As we create the data model and evolve it from the conceptual (simplest stage) to the logical and physical stages (most detailed and specific), we are creating more than a data framework. We’re creating order in what is most often a data mess.
Establishing a data model can be difficult, but it’s important to have the model in place. It provides companies with the flexibility to build new products and use data-fueled technologies like AI. Clean, organized data can simplify and speed up the insight-gathering process.
The worth of a good database model is often underestimated, but it is hugely important.
Why Can Database Modeling Be Difficult?
Although the general principles of database modeling are relatively simple, there are often unforeseen edge cases when you implement the database in the real world. These edge cases (uncommon errors or unexpected use cases) can impact the structure of the data model. They might even require tracing things back to the conceptual model and making changes from there.
Creating New Systems
When creating new systems, edge cases are usually identified only when the physical data model is not flexible enough to ingest all of the data. As businesses evolve, so does their data; this is why the data models in database systems must evolve as well. But with continuous evolution, we might hit a point when the advantage of continuing to modify the current data model is less visible than creating a new model from scratch.
When creating the initial conceptual model, database designers usually try to focus on the business requirements presented by the business team. Then, after the business has approved the conceptual model, the designers start transforming the conceptual model into a logical data model. Even here, we have few chances of finding out if the data model is sufficiently flexible to fit any new data without requiring major system modifications.
The most difficult metric to estimate and design for is performance. It’s always difficult for the business team to answer questions about the variety or amount of data they expect their system to ingest.

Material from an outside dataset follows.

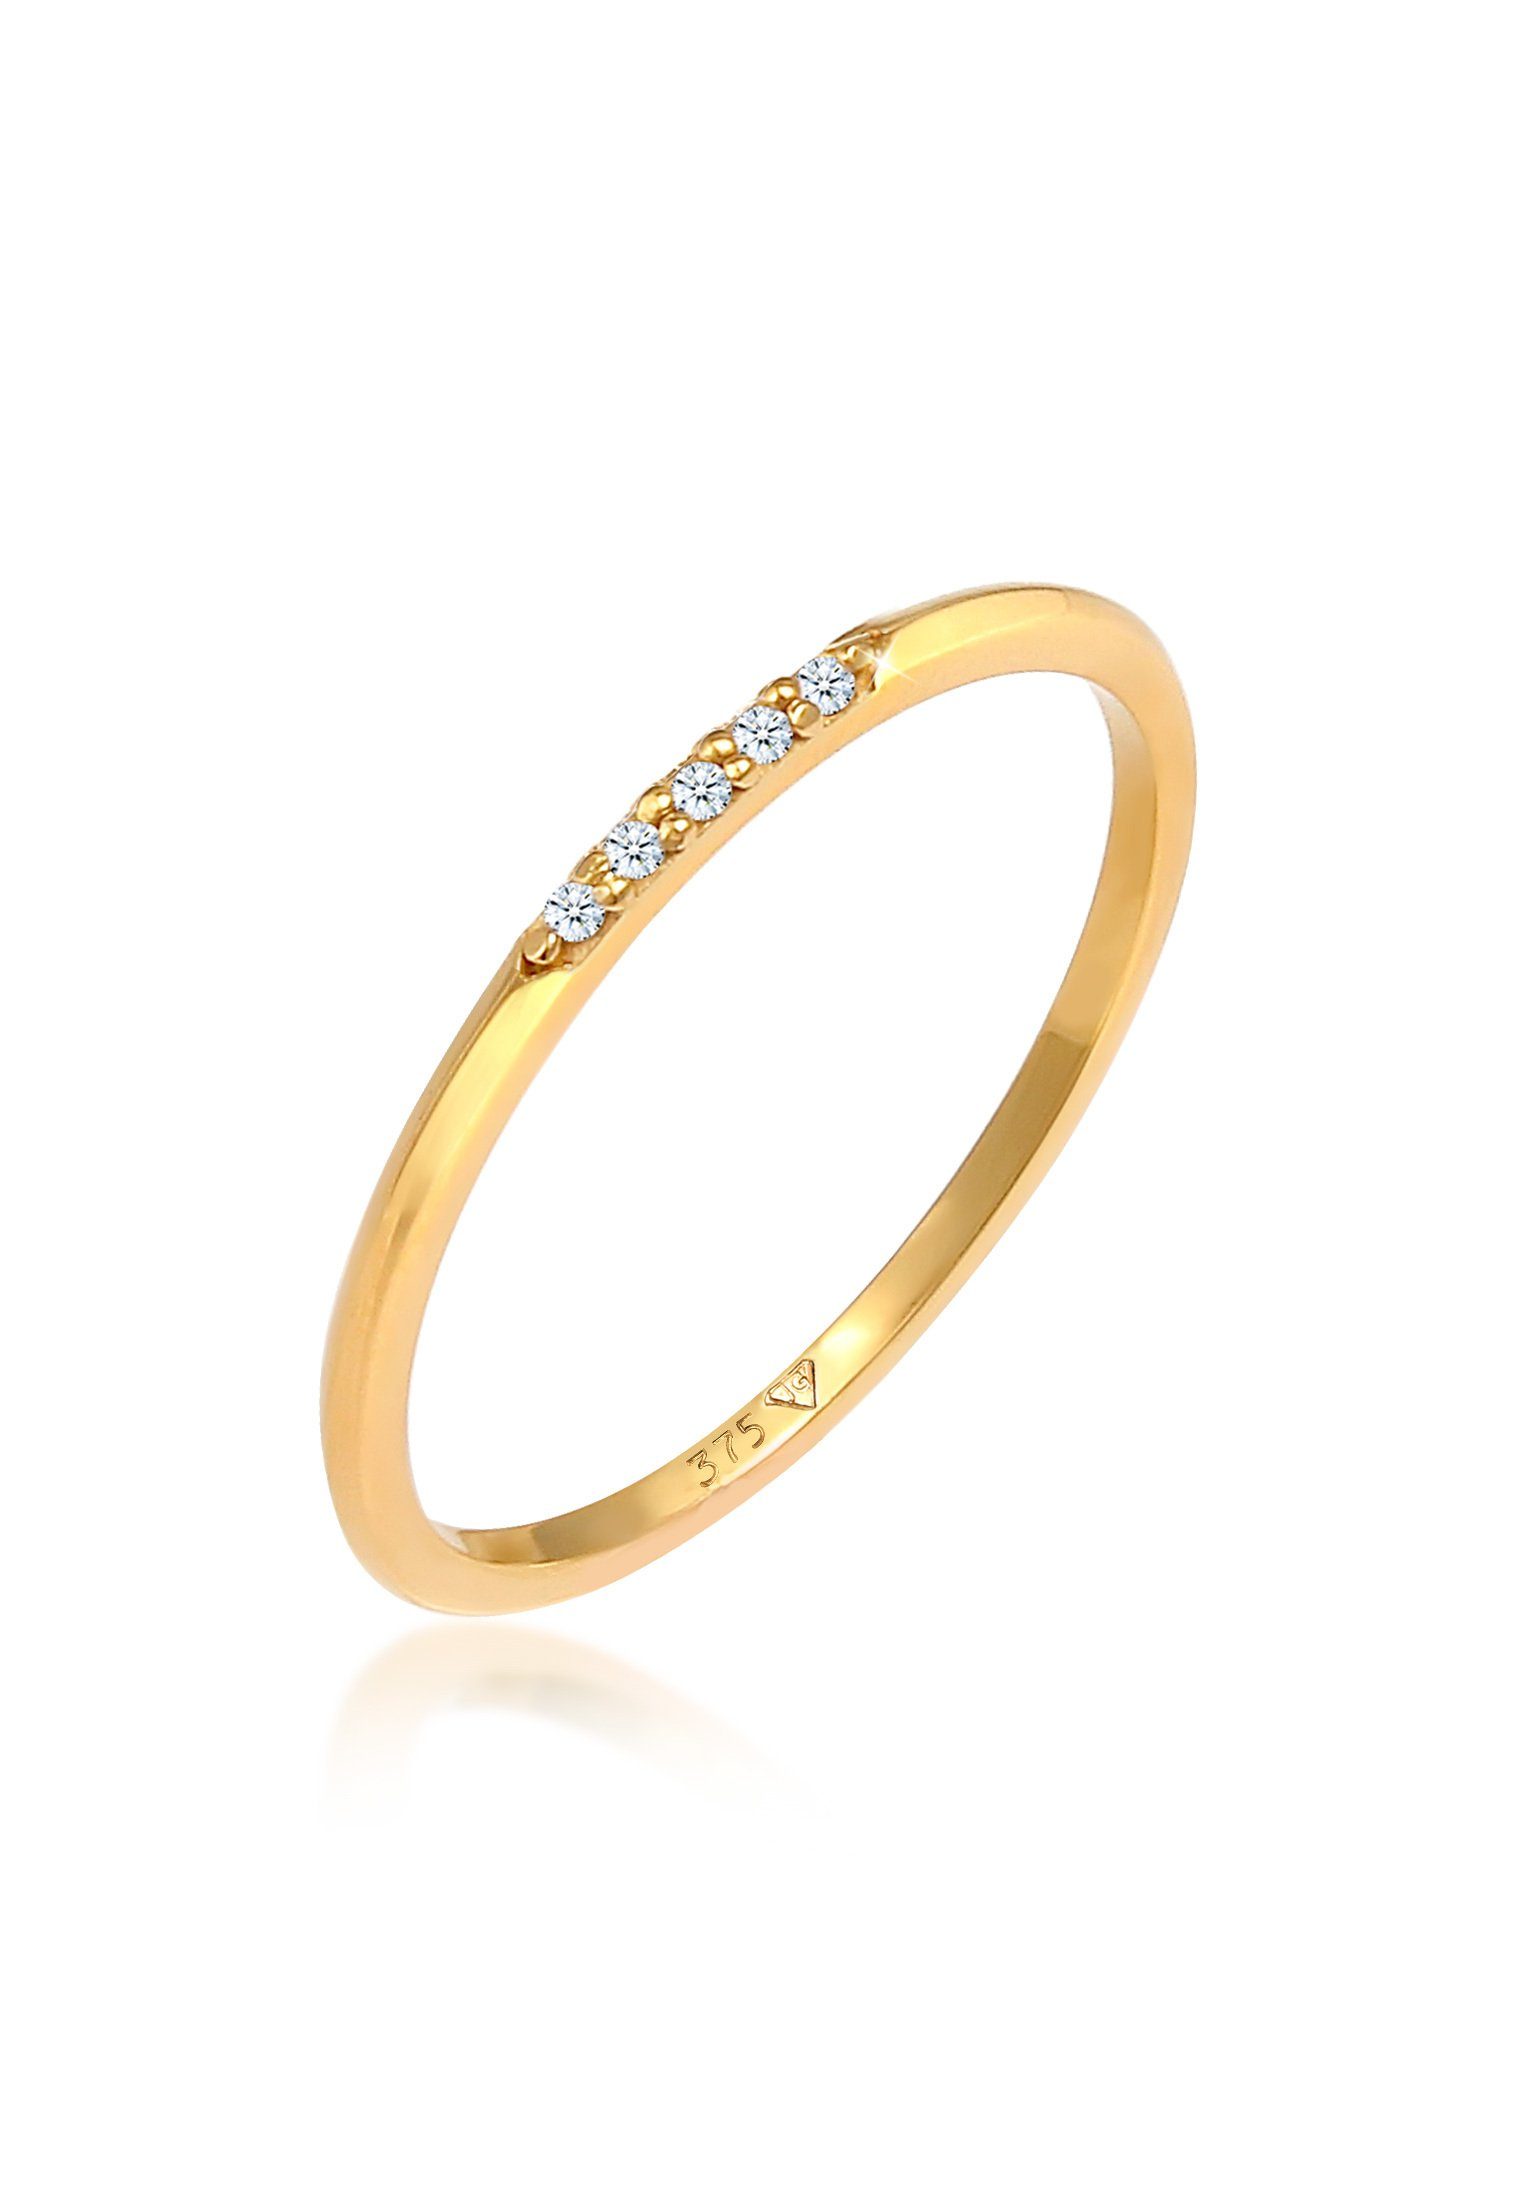 Damen Schmuck Elli DIAMONDS Diamantring Bandring Verlobung Diamanten Elegant Fein 375 Gold, Microsetting

Because this information is lacking, the general answer always tends to point to upper limits, like “millions of data points per day” and “any type of data”. There’s also very little information about the read/write ratios, which are important when designing tables, indexes, partitions, ETL processes, etc.
These unknowns cause difficulties in finding the right normalization levels for database tables, choosing the right data types, tuning for JOIN statements, etc.
Updating Older Systems
When working on an older system that needs an upgrade, you might also face problems, sometimes even more than when starting a new model.
This is because older systems frequently do not have documentation on their design. Sometimes these systems are so old, documentation wasn’t a recognized best practice; common shared knowledge was the norm. Now, documentation makes it into most discussions regarding software projects.
True Story: Updating an Old Data Model Is Not Easy!
I worked on a system where, due to technical limitations when it was built (the late 1980’s), column names were limited to 10 characters. There was no documentation and all of the initial developers were retired, which made things immensely difficult.
The business team was fairly young, with about 15 years of experience; they inherited the role and product. When it was time for modernizing, nobody knew how to explain the data model, the columns, or the relationships between tables. The only thing left to do was debug the application, which was also written into Gupta, and see how it interacted with the database.
Another issue was a complete lack of explicit relationships between tables, mostly because this was not possible in the original system. There were no naming conventions, so I couldn’t look for similar column names and use this to infer relationships between tables.
Normalization was also not fully implemented. The older system preferred to work with tabular data, so it was almost completely denormalized. Due to those past technical limitations, queries always read the entire table and then selected the data that was needed inside the application code. So, for performance reasons and due to limitations, the data model was never fully normalized.
In this scenario, when the software is business-critical and has been running fine for decades, it’s hard to convince the business team that a full redesign of the data model is required. If there’s no or very little documentation, the tasks can be titanic. Still, they can be overcome through teamwork.
These are only a few of the problems that can appear when updating a legacy data model. However, these issues and others can be solved by implementing some best practices for legacy databases.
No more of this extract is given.